**Your assignment**
Write each line below back out exactly, omitting its pictures.

── Information provided ──

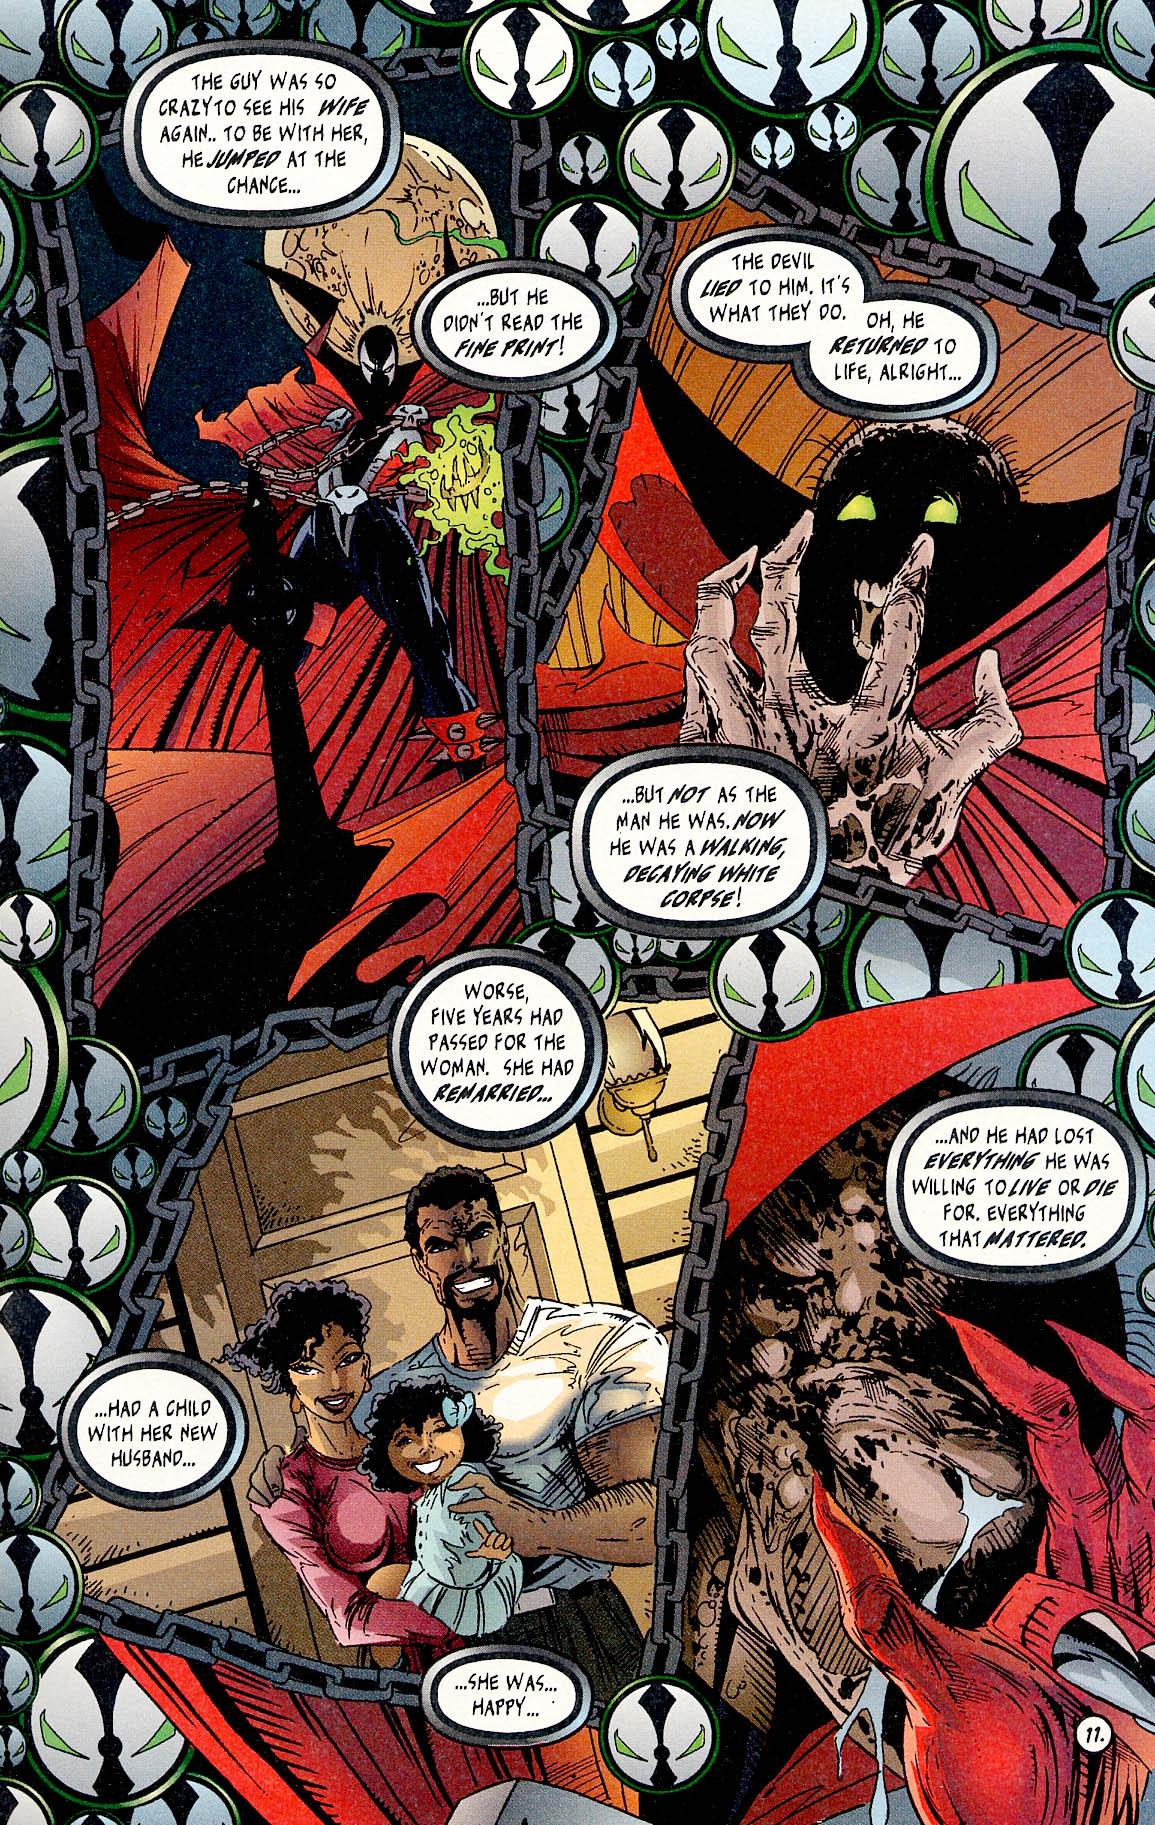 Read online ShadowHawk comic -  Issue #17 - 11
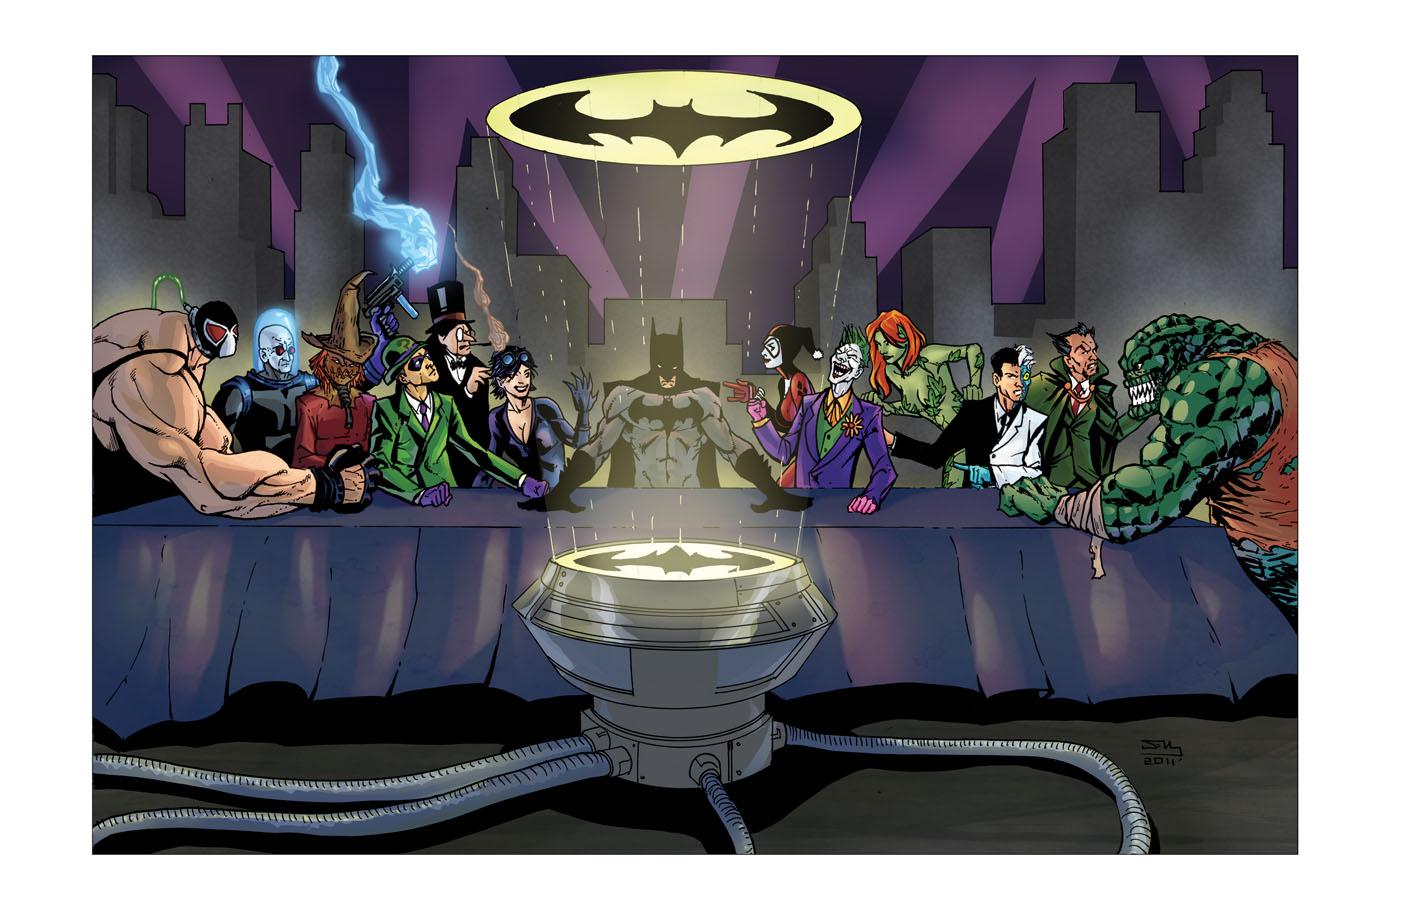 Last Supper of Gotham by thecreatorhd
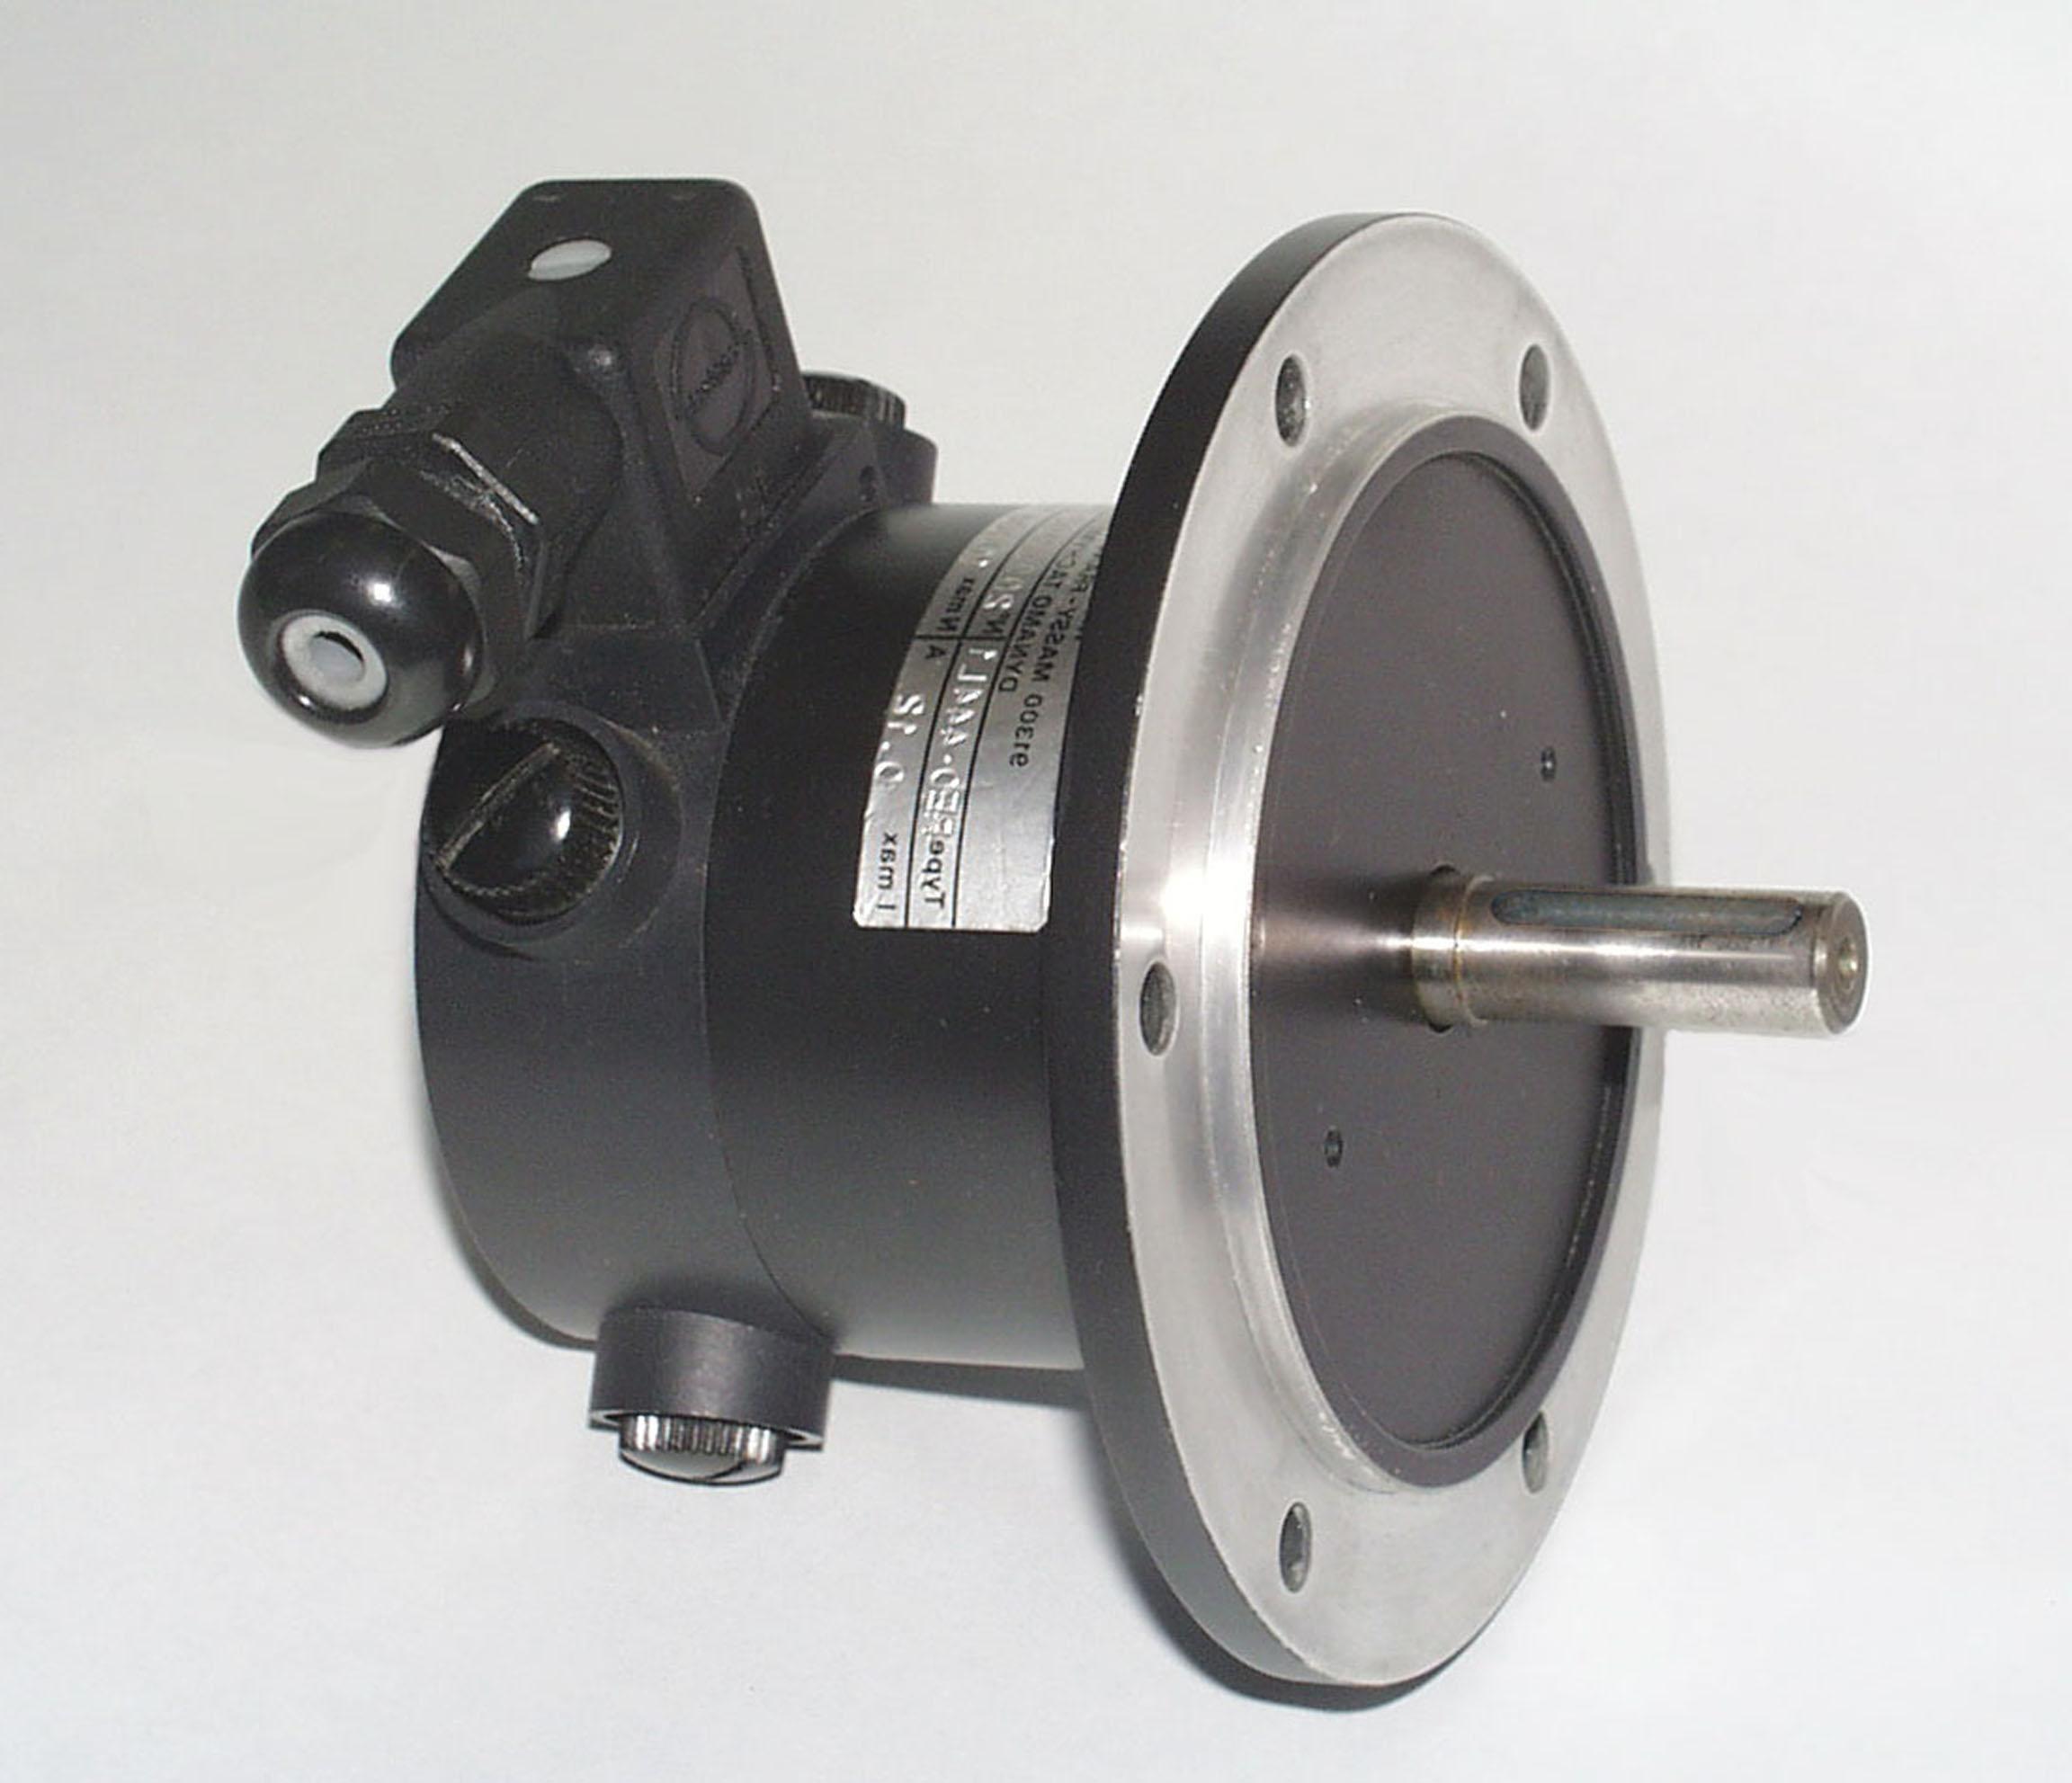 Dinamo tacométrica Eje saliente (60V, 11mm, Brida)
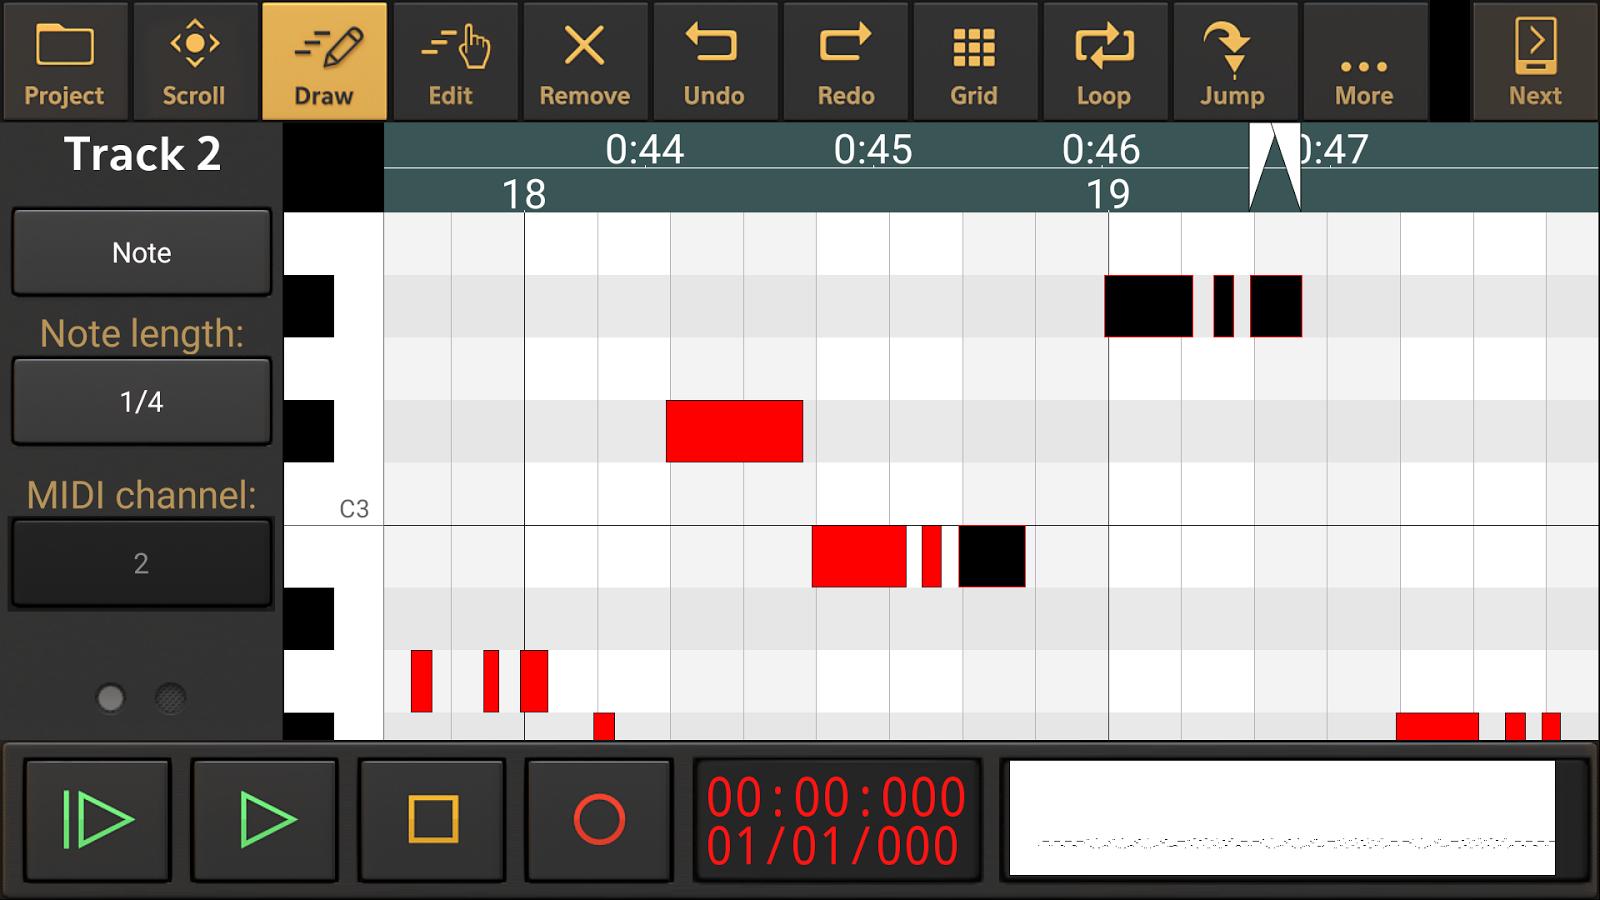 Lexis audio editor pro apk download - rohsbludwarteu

───

**Output for this task**
 Read online ShadowHawk comic -  Issue #17 - 11
 Last Supper of Gotham by thecreatorhd
 Dinamo tacométrica Eje saliente (60V, 11mm, Brida)
 Lexis audio editor pro apk download - rohsbludwarteu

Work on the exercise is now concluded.